Тогда я крикнул, как обычно делал, подходя к дому, чтобы издалека предупредить о своем приходе. Жена узнала мой голос и вышла на порог; я подбежал к ней, и она, полумертвая, упала в мои объятия: весь день она провела в страхе и тревоге. Сражение разгорелось неподалеку от стен нашего дома; весь день до нее доносились звуки ружейной перестрелки, которые заглушал временами грохот пушек, гремевших в долине.
Я прервал ее рассказ, показав на тело капитана.

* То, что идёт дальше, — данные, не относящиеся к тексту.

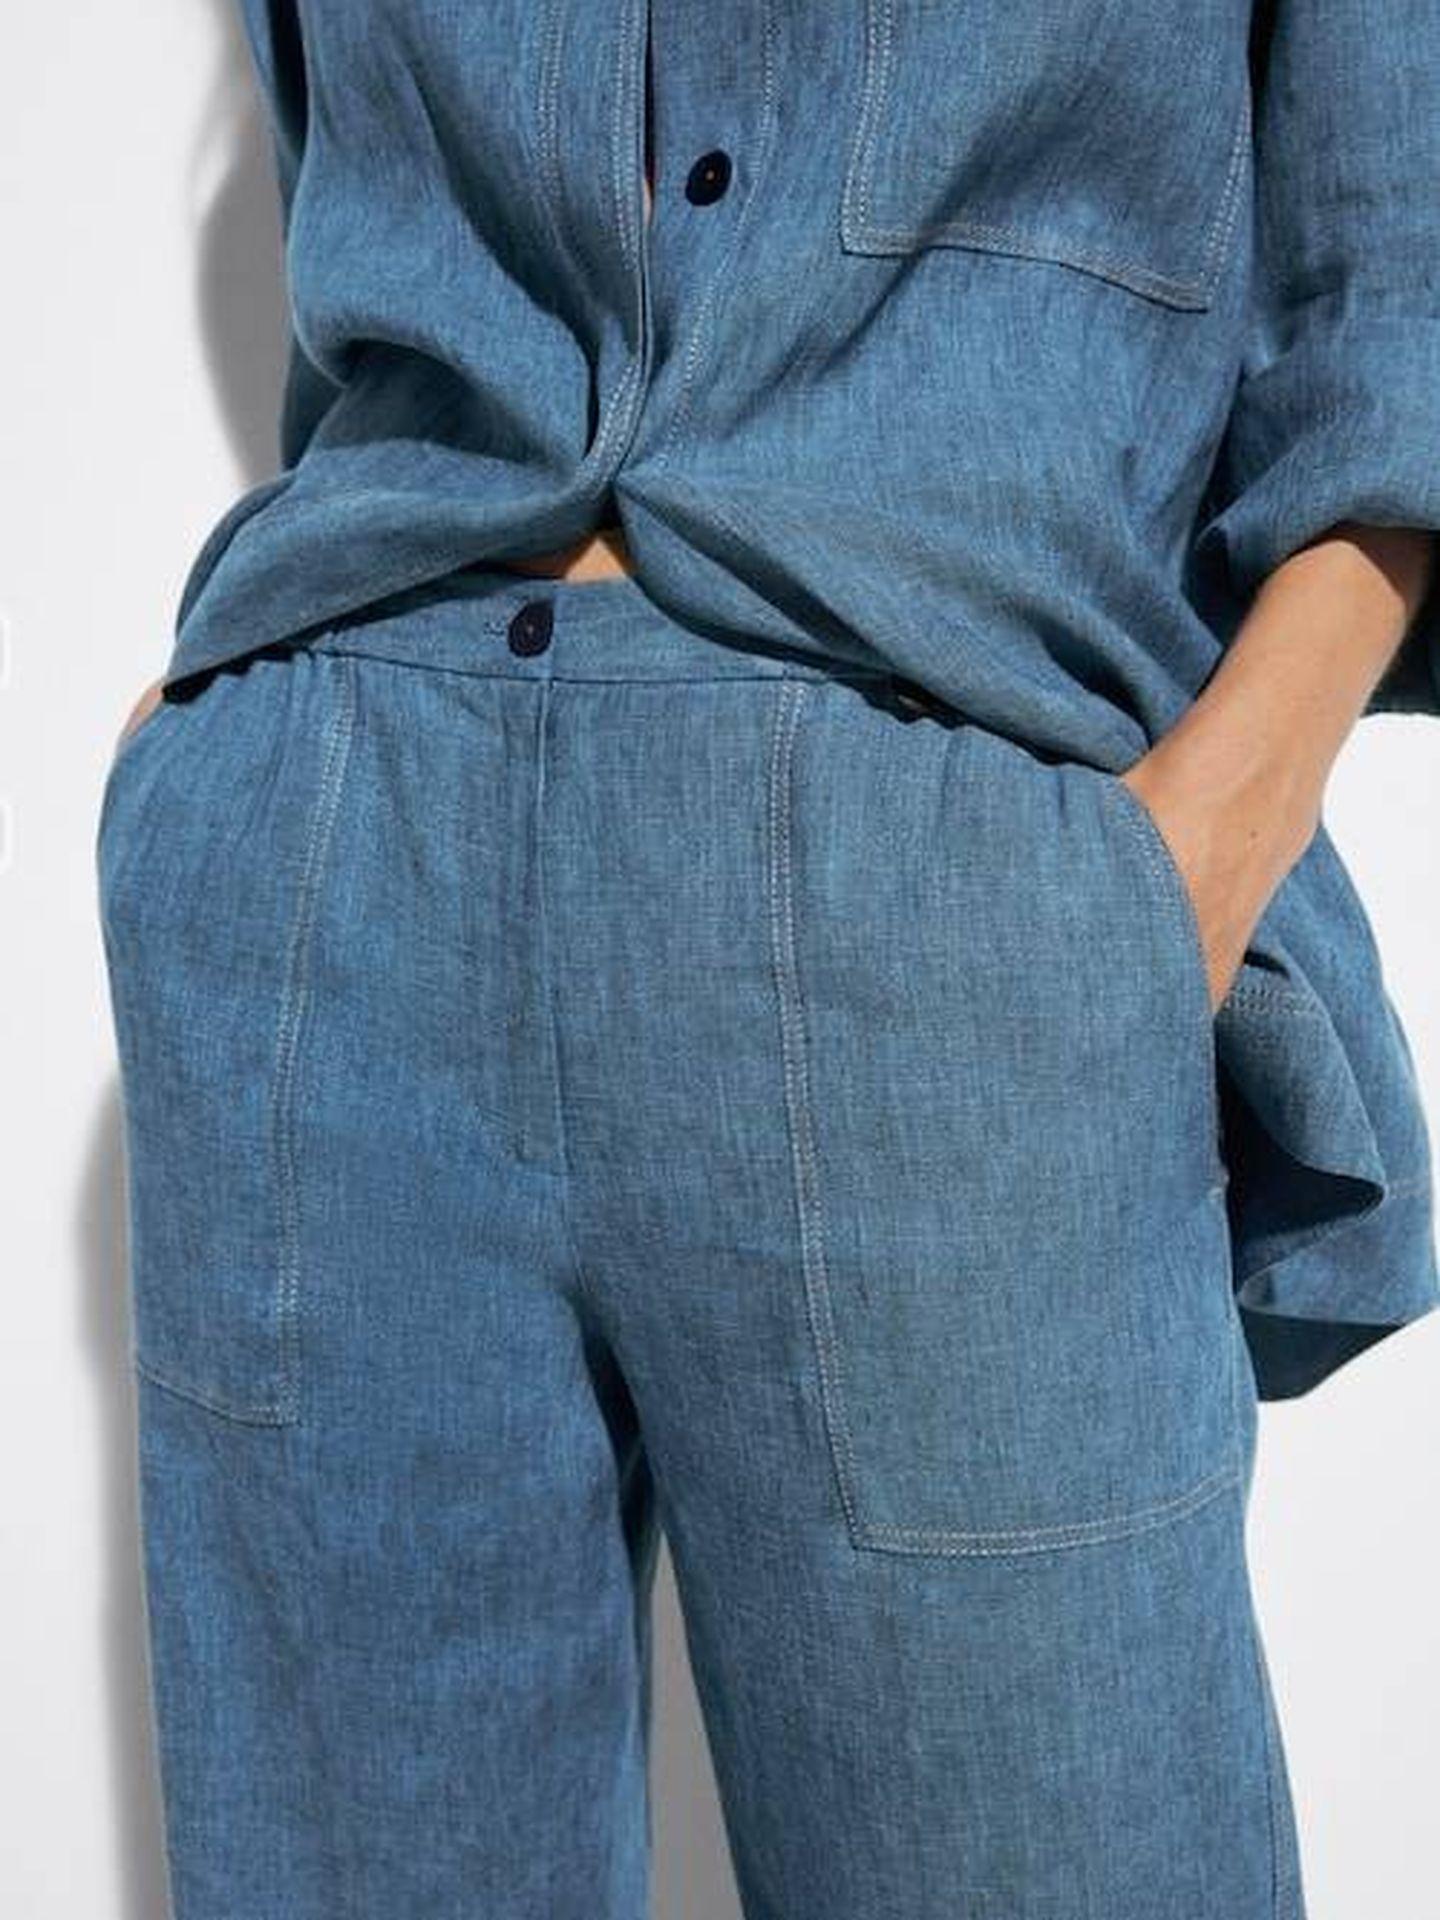 El pantalón vaquero de Massimo Dutti. (Cortesía)

«Он мертв?!» – воскликнула она.
«Мертв или нет, – ответил я, – но надо внести его в дом. Если он еще жив, то, может, нам удастся его выходить; если же мертв, то мы переправим в полк его документы, которые могут иметь большую важность, и его эполеты, которые стоят довольно дорого. Ступай, приготовь нашу постель».
Роза побежала в дом; я поднял капитана и понес его; не раз и не два мне пришлось отдыхать по пути, ведь я сам был еще очень слаб; наконец, кое-как я добрался до дома. Мы раздели капитана: на груди у него были три штыковые раны, но, тем не менее, он был жив.
Черт возьми! Я не знал, что делать, ведь я не лекарь; но мне подумалось, что вино, приносящее пользу при употреблении внутрь, не может повредить, если применить его снаружи. Я налил в суповую миску лучшего вина, сделал винные компрессы и положил их капитану на раны. Тем временем моя жена, которая, как и все альпийские крестьянки, знала определенные лечебные травы, вышла из дома, чтобы отыскать их при свете луны: в этот час их целительные силы становятся еще больше.
Наверно, мои компрессы помогли капитану, поскольку минут через десять он глубоко вздохнул, а по прошествии четверти часа открыл глаза, хотя его взгляд еще оставался затуманенным; если бы мне дали комнату, полную золота, то и тогда я не был бы так доволен. Наконец, его глаза ожили и взгляд после блужданий по комнате остановился на мне; я заметил, что он меня узнал.
«Ну вот, капитан! – обрадованно сказал я ему. – А если бы вы меня убили?!..»
Услышав это, я просто подпрыгнул, настолько слова старика были пронизаны духом евангельского учения!..
– Две недели спустя, – продолжал он, – капитан вернулся в свой полк; на следующий день после его возвращения адъютант доставил мне пятьсот франков от имени генерала Массены; на них я купил этот дом, который прежде арендовал, а также прилегающий к нему луг.
– А как звали капитана?
– Я не спросил его имени.
Итак, этот старик, которого пытались убить, спас жизнь своему несостоявшемуся убийце, и при этом в его душе не было ни достаточно злобы за причиненное ему зло, ни достаточно гордости за сотворенное им добро, чтобы узнать имя того, кто был обязан ему жизнью и кто чуть было не обрек его на смерть.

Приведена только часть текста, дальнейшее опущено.